**DIRECTIONS:** Although the data below contains pictures, output only the lines between those holding "Telecom Technology Development Fund" and "The Early History", inclusive, exactly and without those pictures.

**SUPPLIED RECORDS:**
◇ ◇ ◇ ◇ ◇

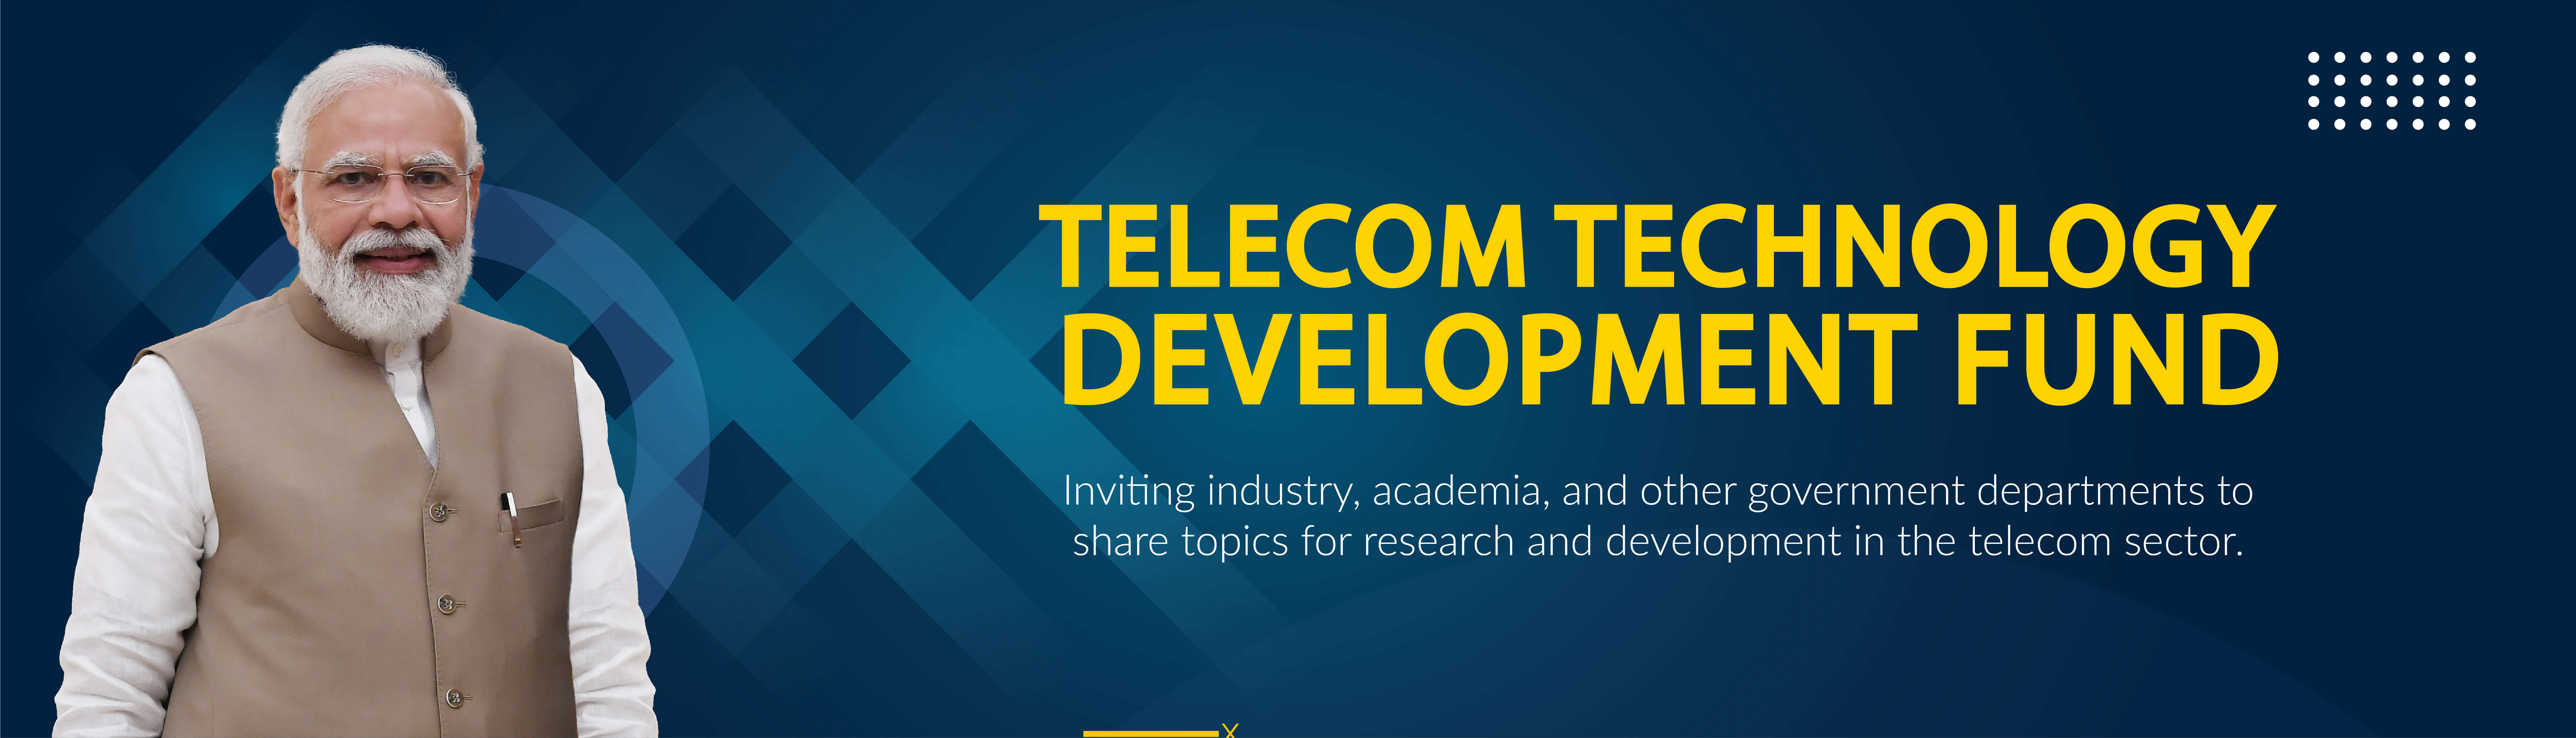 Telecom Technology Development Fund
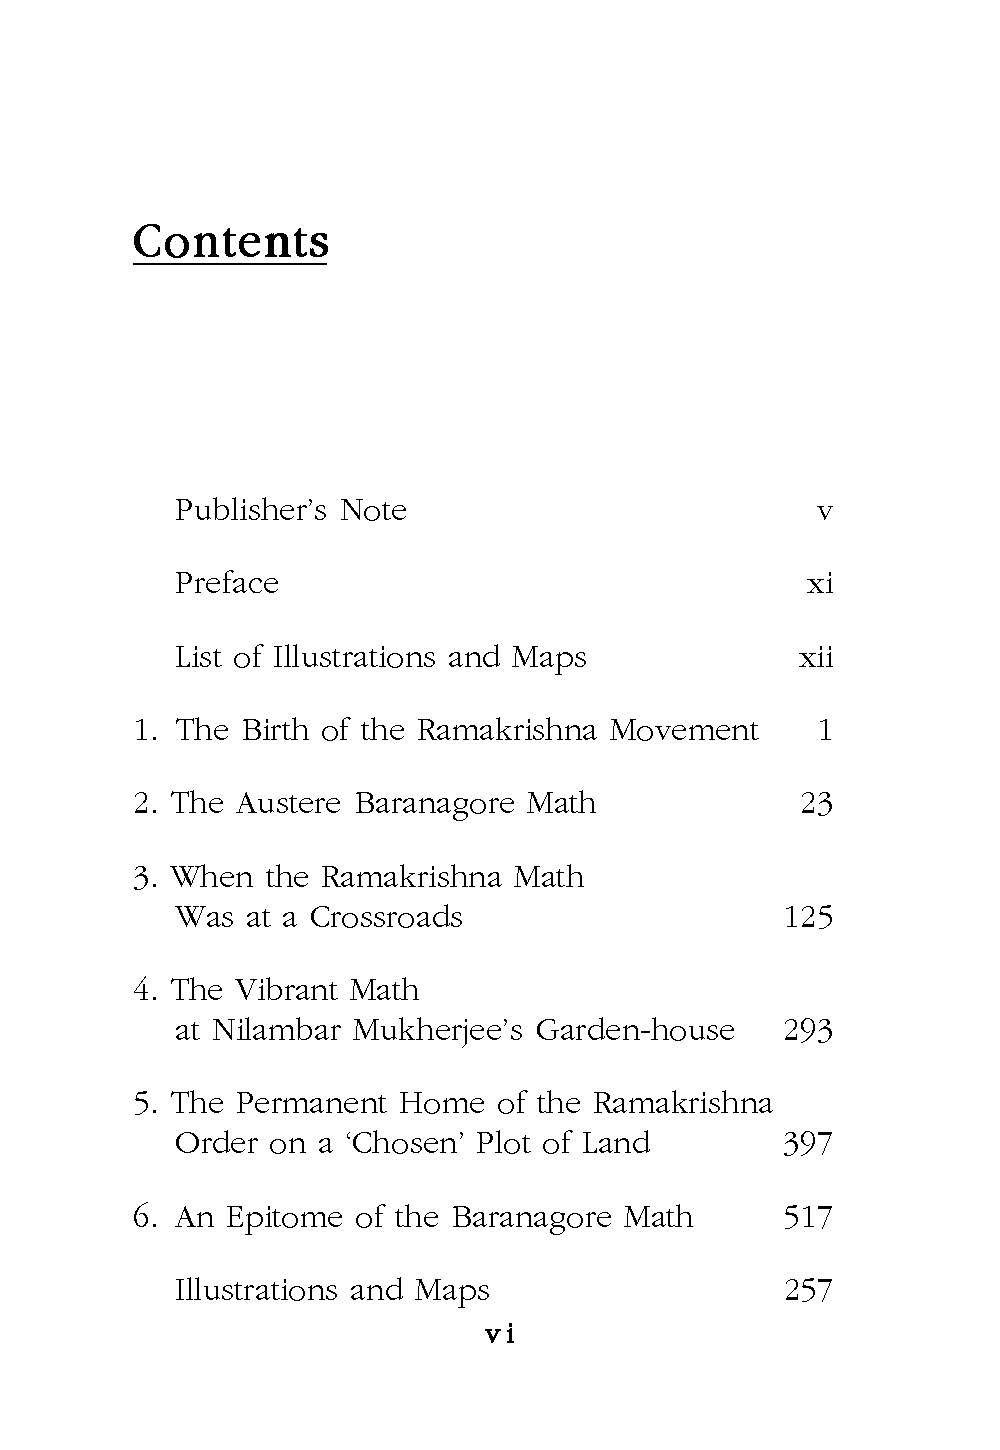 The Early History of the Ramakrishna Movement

◇ ◇ ◇ ◇ ◇

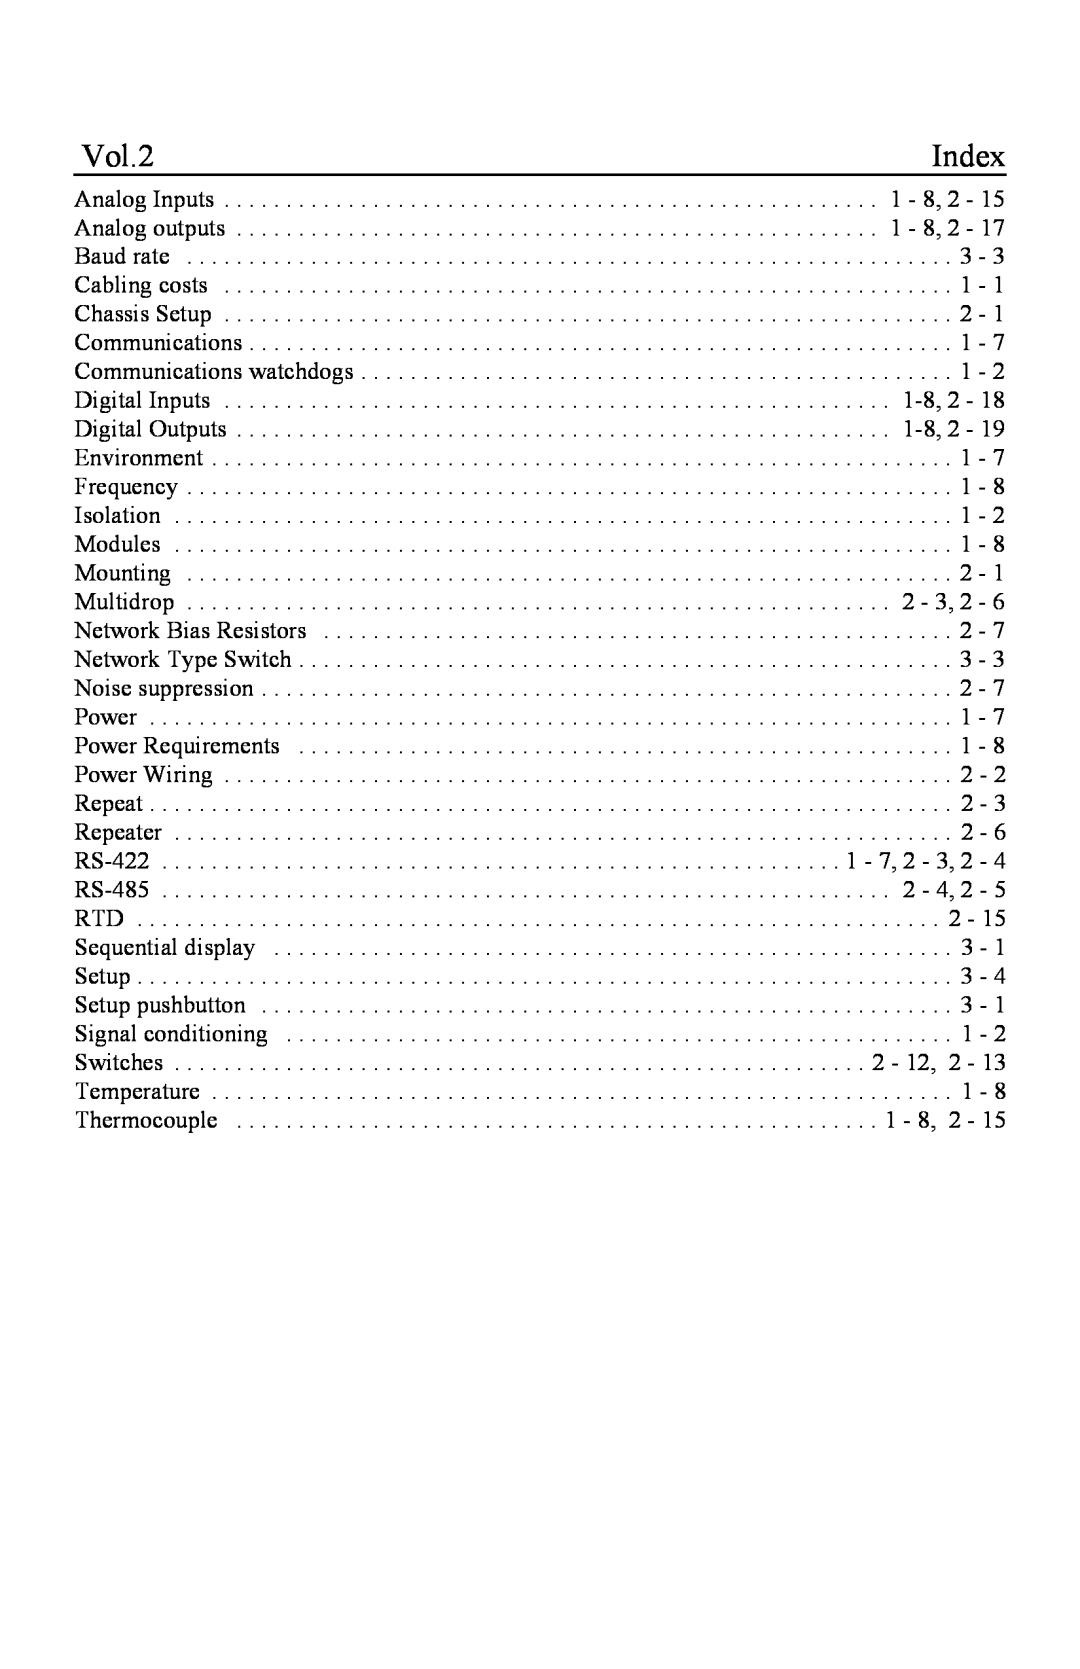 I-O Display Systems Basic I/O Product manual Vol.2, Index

◇ ◇ ◇ ◇ ◇

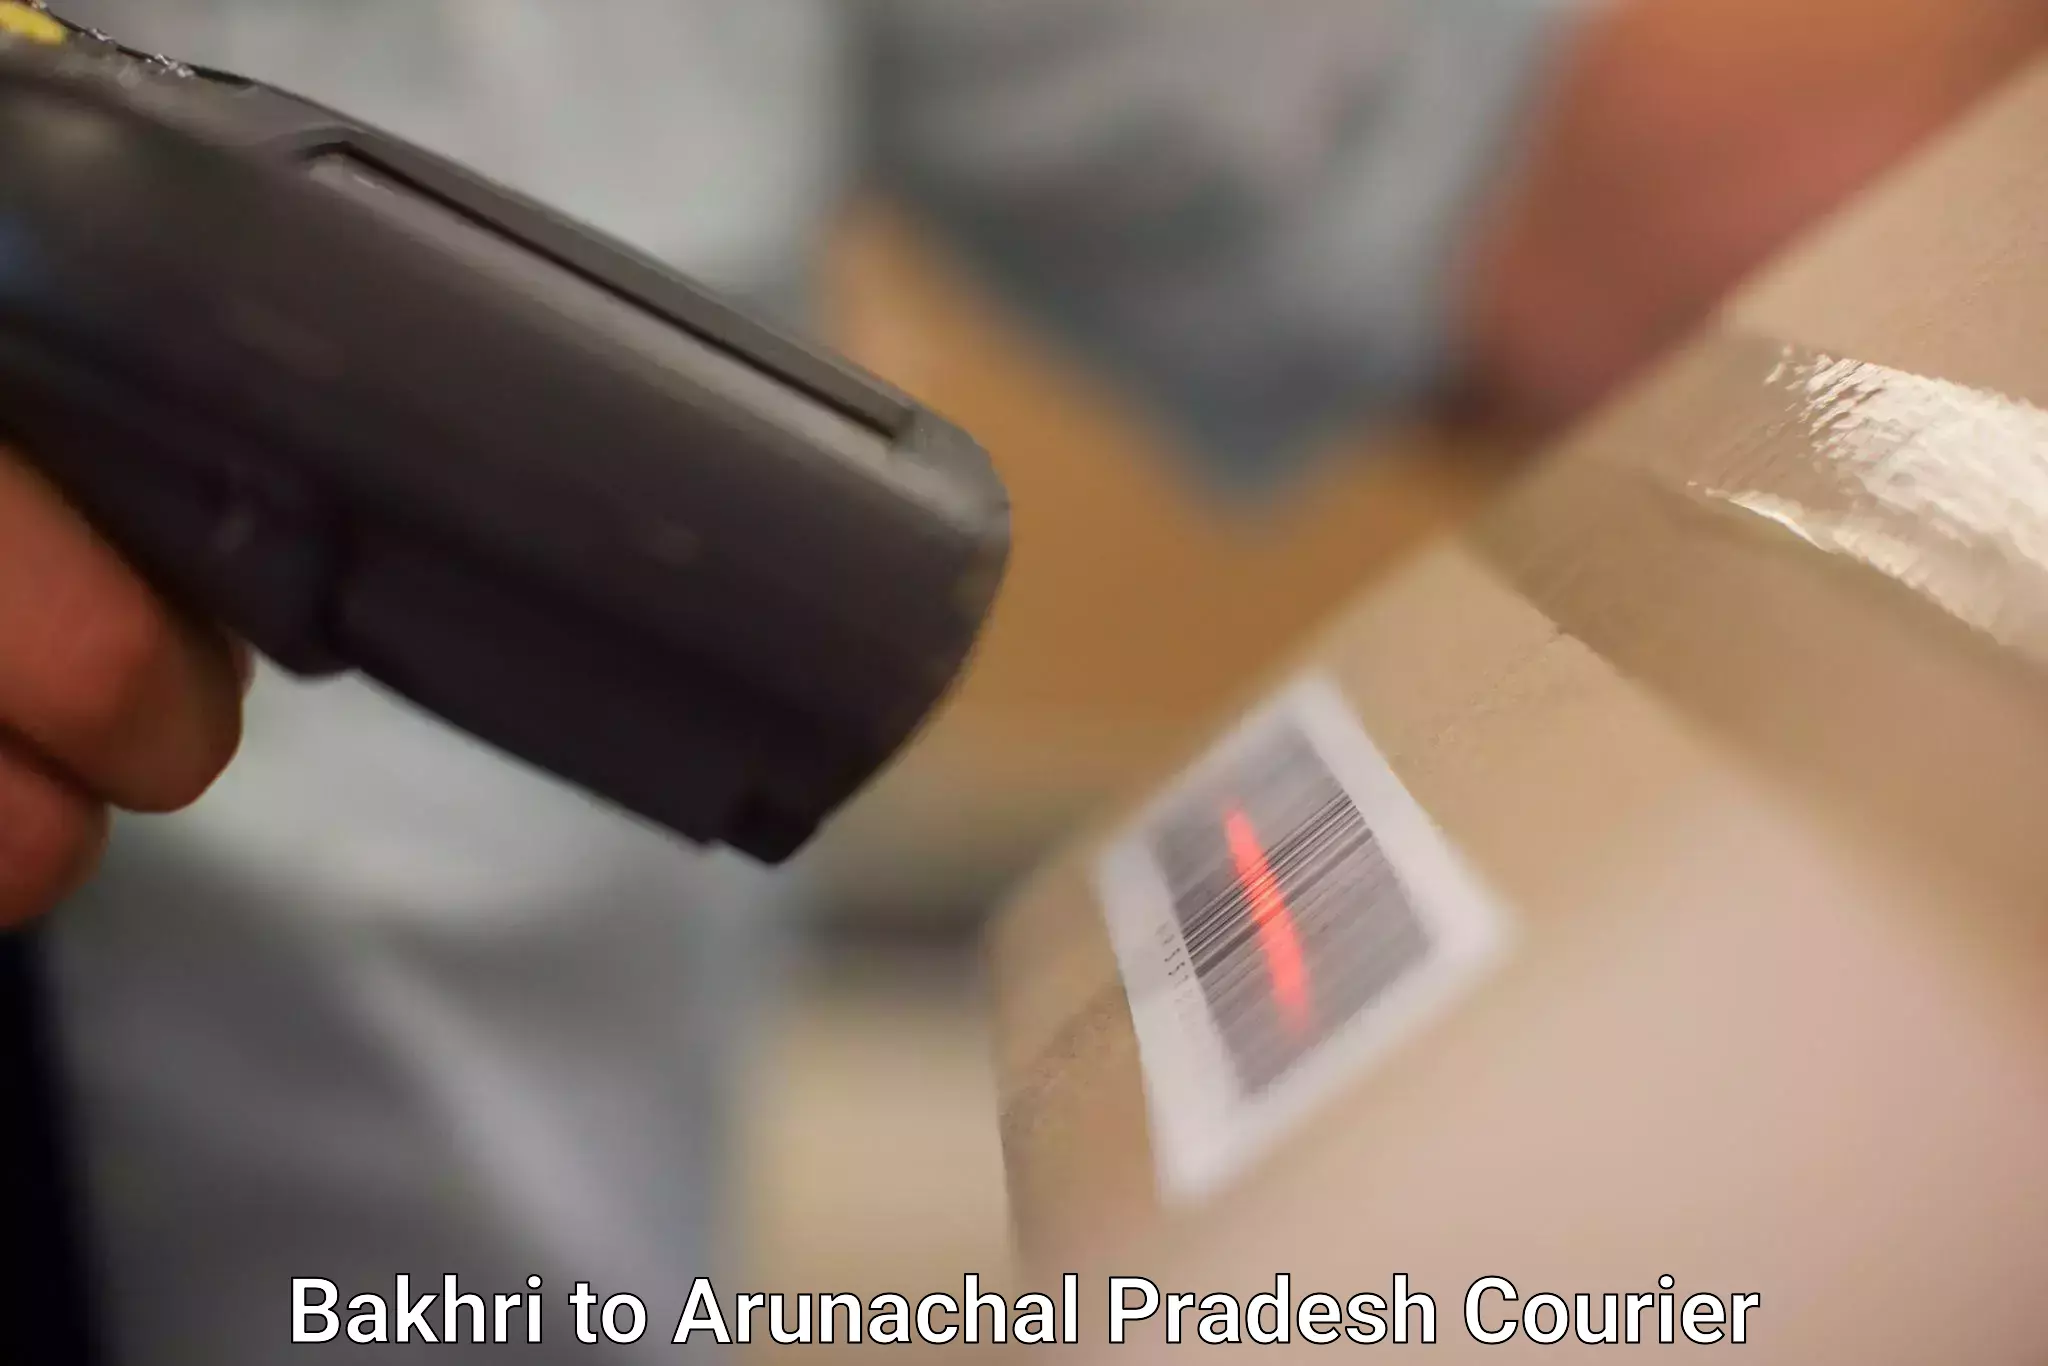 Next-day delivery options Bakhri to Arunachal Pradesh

◇ ◇ ◇ ◇ ◇

**ANSWER BOX:**
 Telecom Technology Development Fund
 The Early History of the Ramakrishna Movement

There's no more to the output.